Exams aren’t everything

Constant change engineered by politicians, no wonder that parents are bemused and no wonder that in The Times recently (August 15th 2018) Alice Thomson wrote that “Parents, pupils and teachers will want to scream at the carnage.” We must remember too that for many politicians there are schools to which they are prepared to send their own children and schools for other people’s children: Blair and Abbot for a start.

For a while I hoped that free schools might provide the answer, with parents and teachers working together for the benefit of children. The head of one of the first of these spoke of running an independent, state-funded school, but these schools now seem to face the same challenges as other schools.

At sixteen I failed English literature, left school and went farming. Ten years on, when I knew that a change of career was called for, it was my adult appreciation of my own teachers that led me to the most important job in the world. Another ten years and I was an examiner of the subject which I had failed at school. I always told my pupils this story – failing an exam is not the end of the world; just learn from it.

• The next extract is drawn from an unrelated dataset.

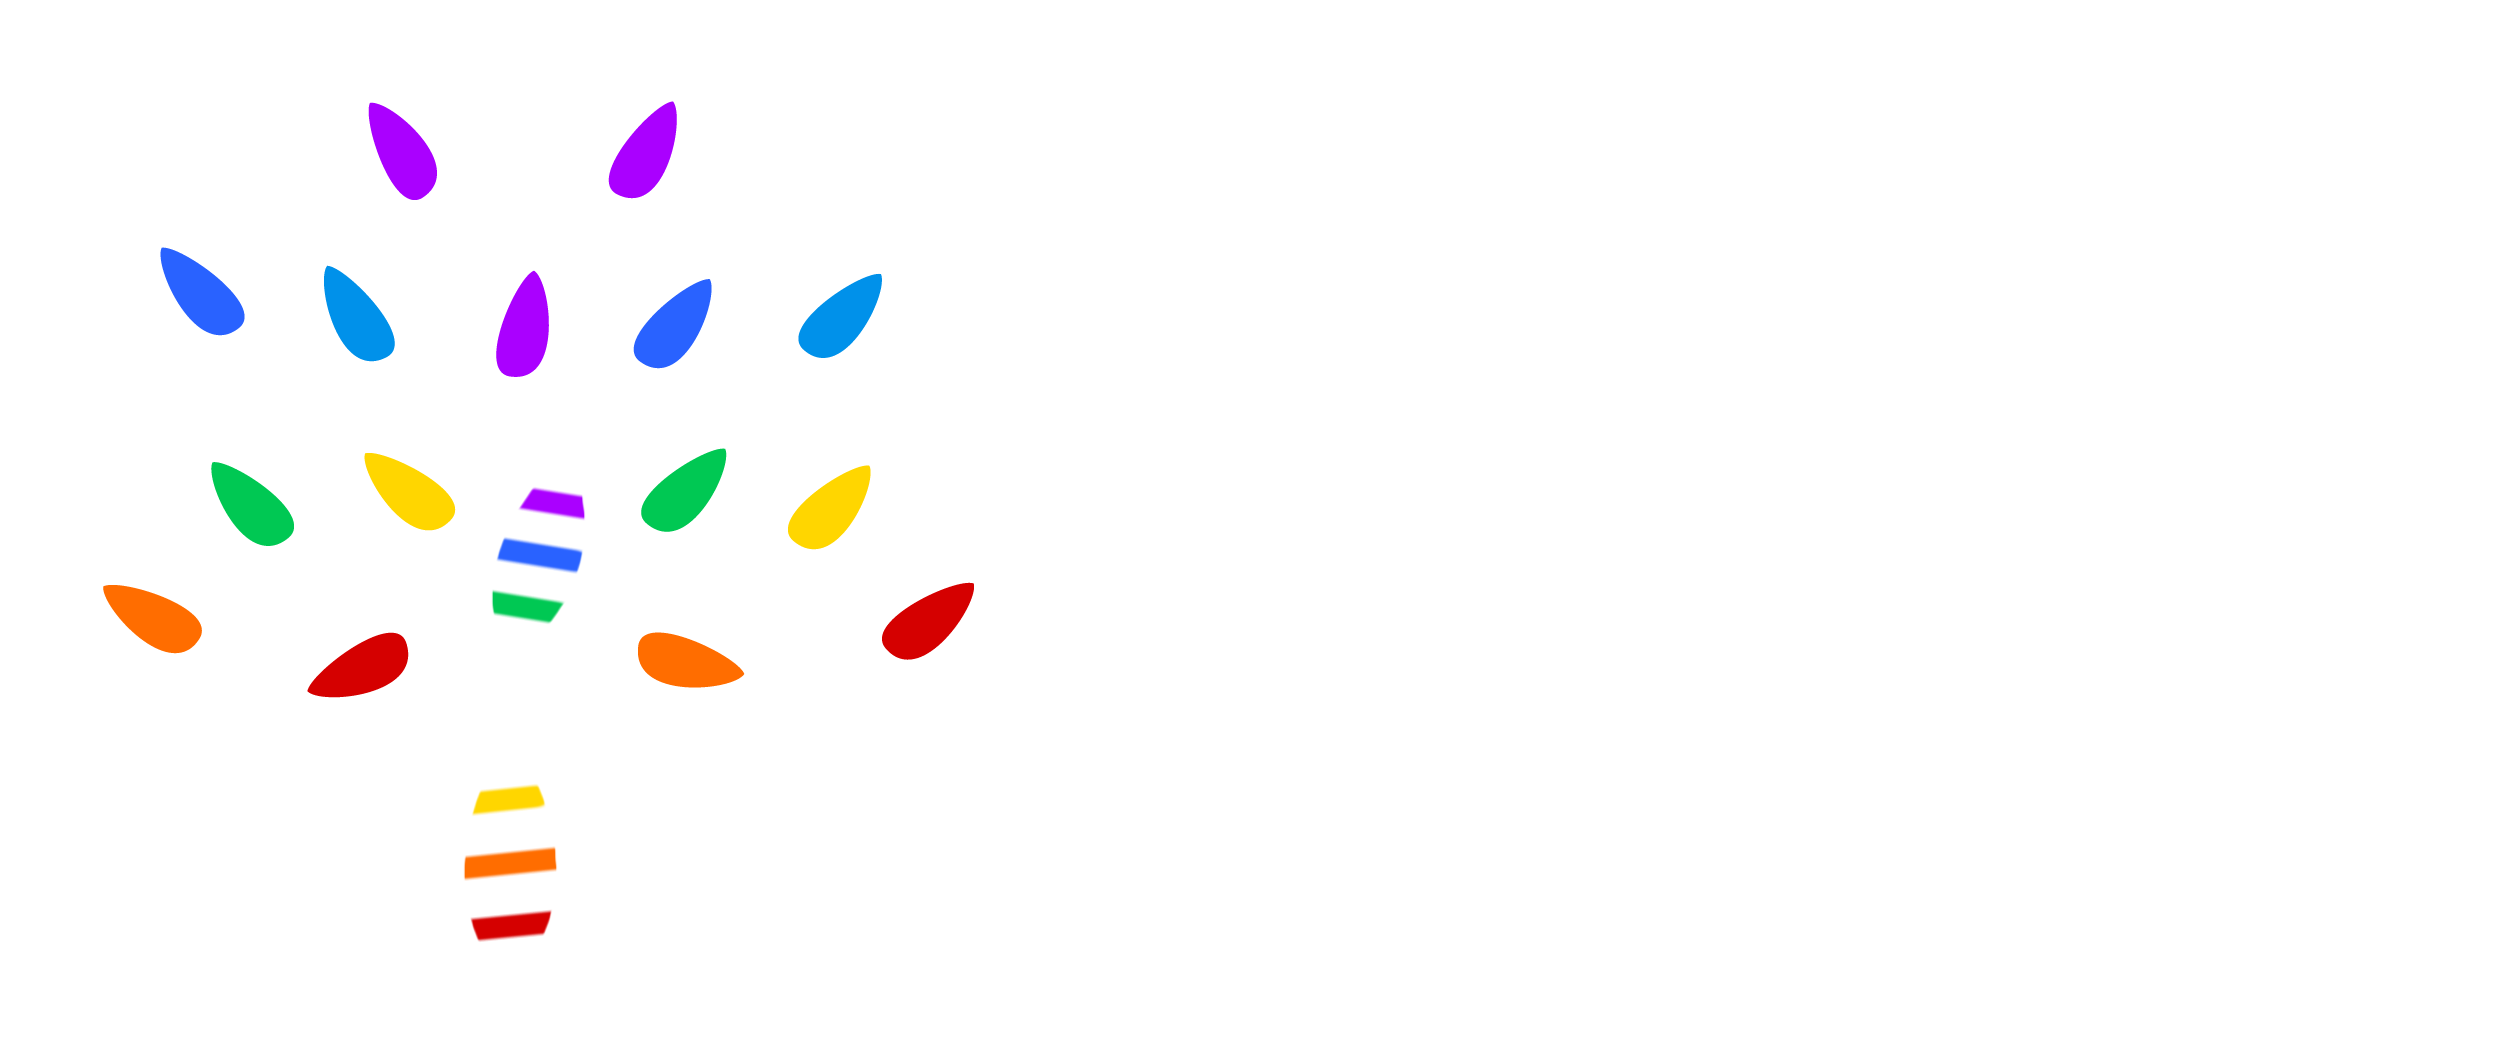 mutlu-yasam-akademisi-logo
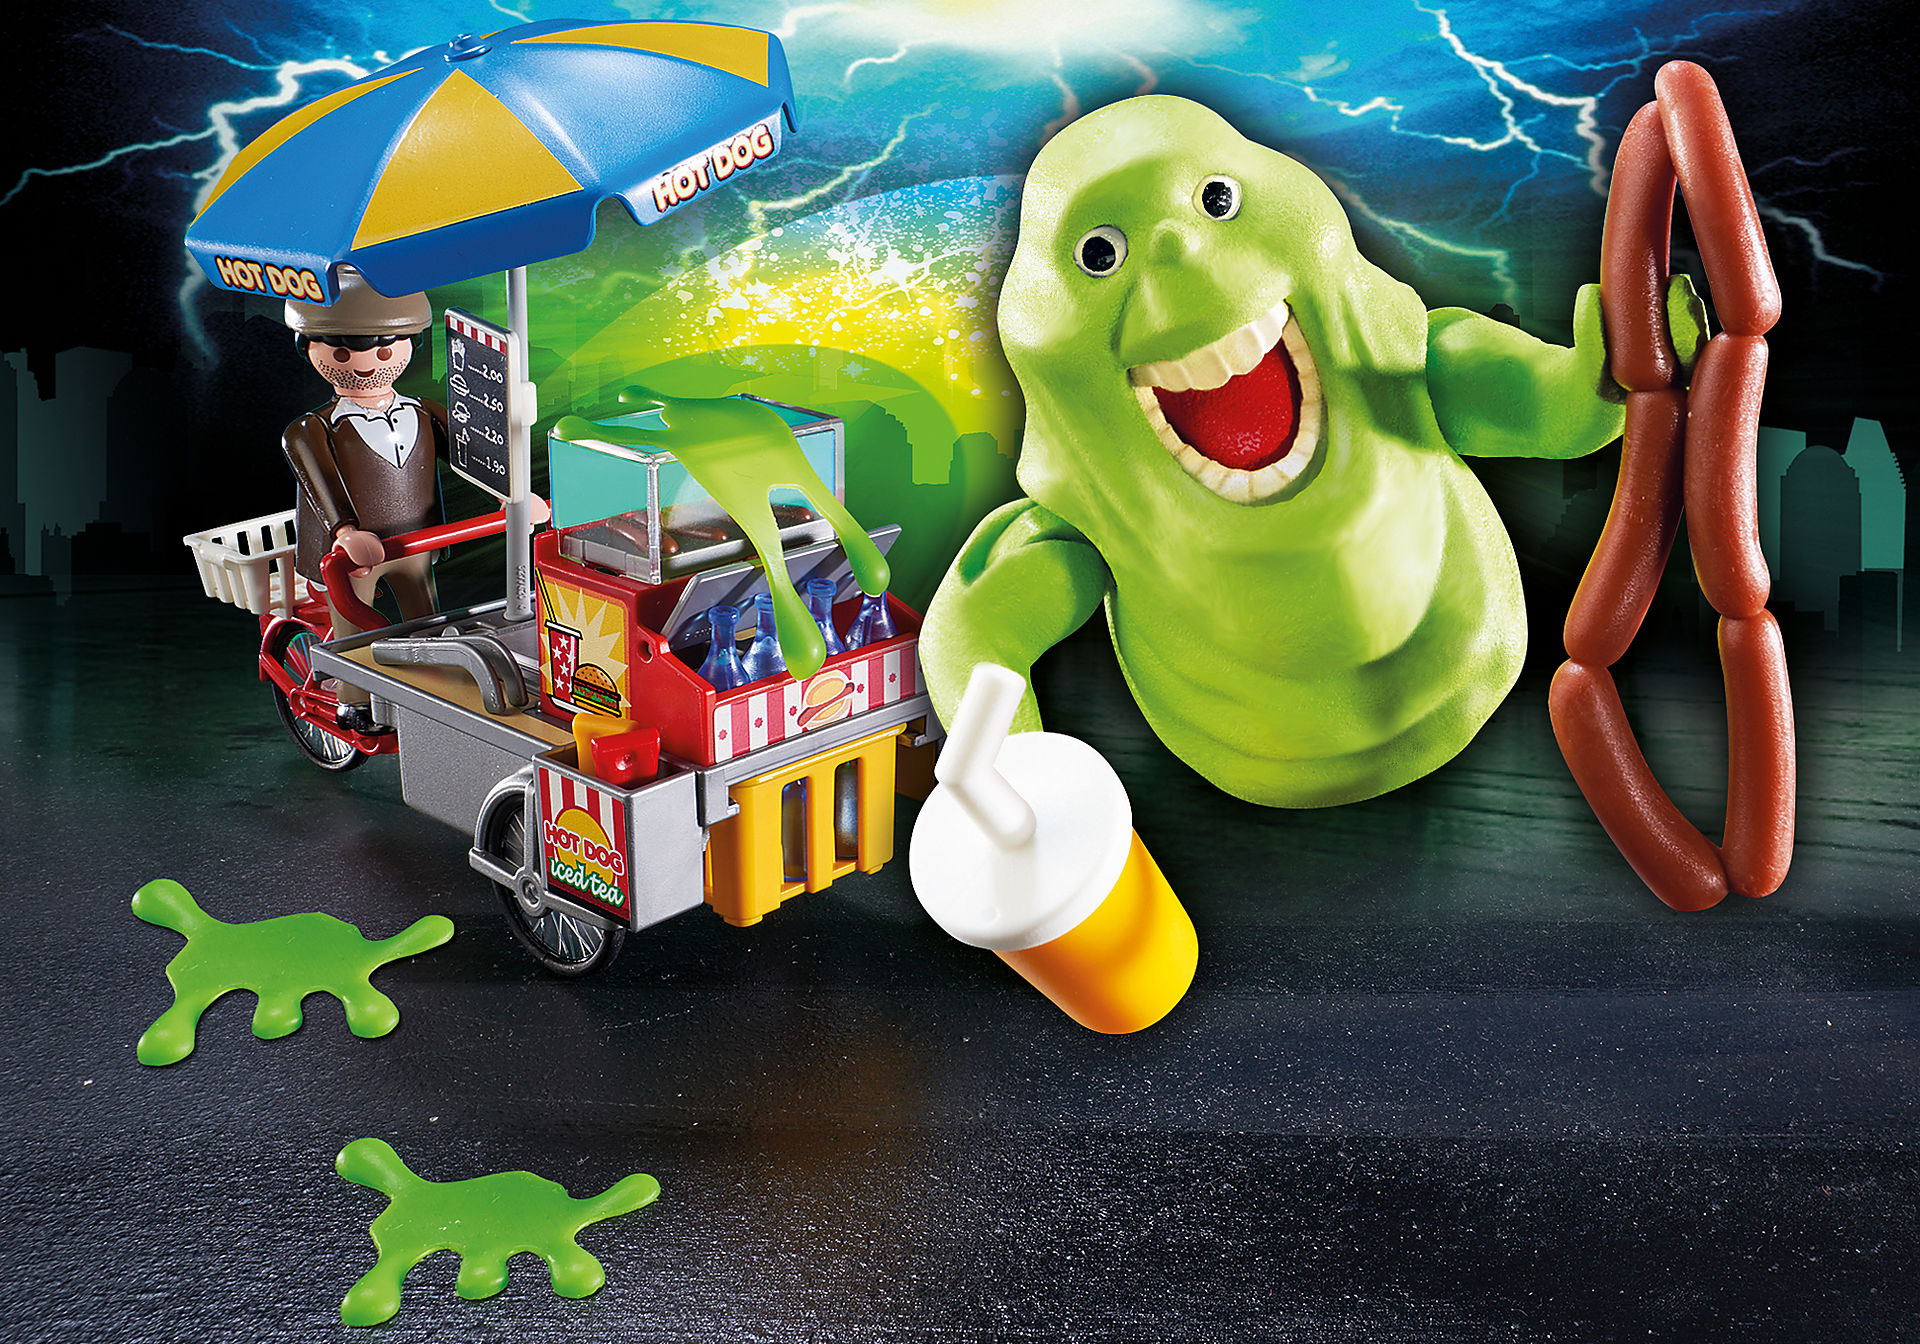 http://media.playmobil.com/i/playmobil/9222_product_extra1/Slimer med hotdog-pølsevogn

Once children have demonstrated their abilities with maths, English and STEM subjects politicians no longer seem interested in them and do not ask how well or otherwise they perform as employees, parents, or as citizens. Thomson is right to concern herself with individuals’ fulfilment; the aspects of character and personality that concern all of us are complex and multi-dimensional, way beyond any scheme of academic examination but equally important for we have to try to live our lives as human beings, clever or not-so-clever, attractive or less so, good or bad or somewhere in between. This is a human dilemma to which politicians do not have answers that are any better than anyone else’s. They should keep out.